Search code examples
neural-networknlpword-embeddingallennlpelmo

NLP ELMo model pruning input


I am trying to retrieve embeddings for words based on the pretrained ELMo model available on tensorflow hub. The code I am using is modified from here: https://www.geeksforgeeks.org/overview-of-word-embedding-using-embeddings-from-language-models-elmo/

The sentence that I am inputting is
bod =" is coming up in and every project is expected to do a video due on we look forward to discussing this with you at our meeting this this time they have laid out the selection criteria for the video award s go for the top spot this time "
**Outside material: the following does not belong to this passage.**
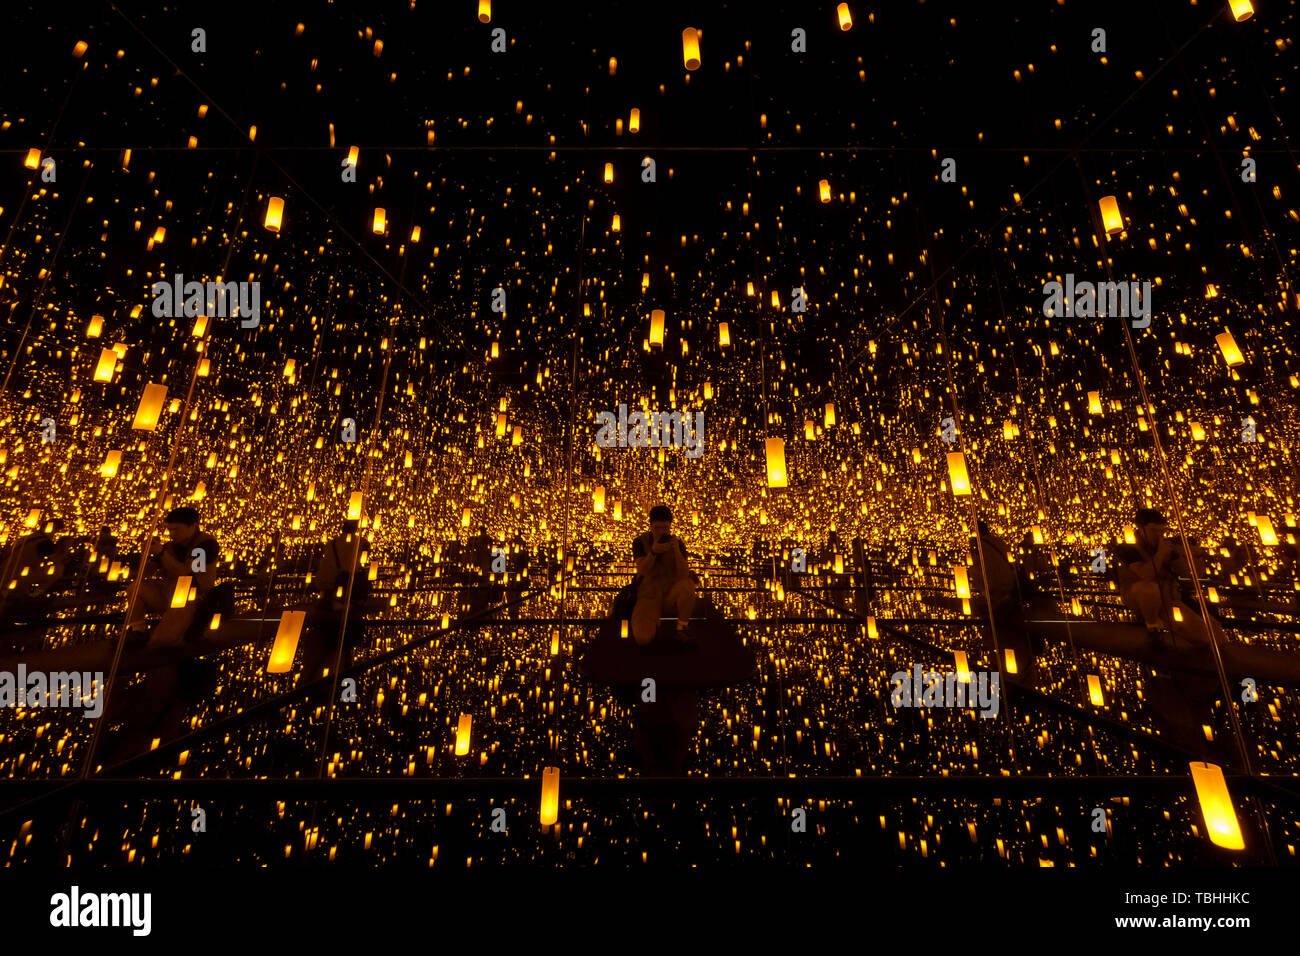 Las Vegas, APR 28: The famous Infinity Mirrored Room showing in Bellagio Gallery of Fine Art on APR 28, 2019 at Las Vegas, Nevada Stock Photo

and these are the keywords I want embeddings for:
words=["do", "a", "video"]

embeddings = elmo([bod],
signature="default",
as_dict=True)["elmo"]
init = tf.initialize_all_variables()
sess = tf.Session()
sess.run(init)

this sentence is 236 characters in length. this is the picture showing that lenbod

but when I put this sentence into the ELMo model, the tensor that is returned is only contains a string of length 48 tensor dim

and this becomes a problem when i try to extract embeddings for keywords that are outside the 48 length limit because the indices of the keywords are shown to be outside this length: kywordlen

this is the code I used to get the indices for the words in 'bod'(as shown above)

num_list=[]
for item in words:
  print(item)
  index = bod.index(item)
  num_list.append(index)
num_list

But i keep running into this error: error

I tried looking for ELMo documentation to explain why this is happening but I have not found anything related to this problem of pruned input.

Any advice is much appreciated!

Thank You


Solution

  • This is not really an AllenNLP issue since you are using a tensorflow-based implementation of ELMo.

    That said, I think the problem is that ELMo embeds tokens, not characters. You are getting 48 embeddings because the string has 48 tokens.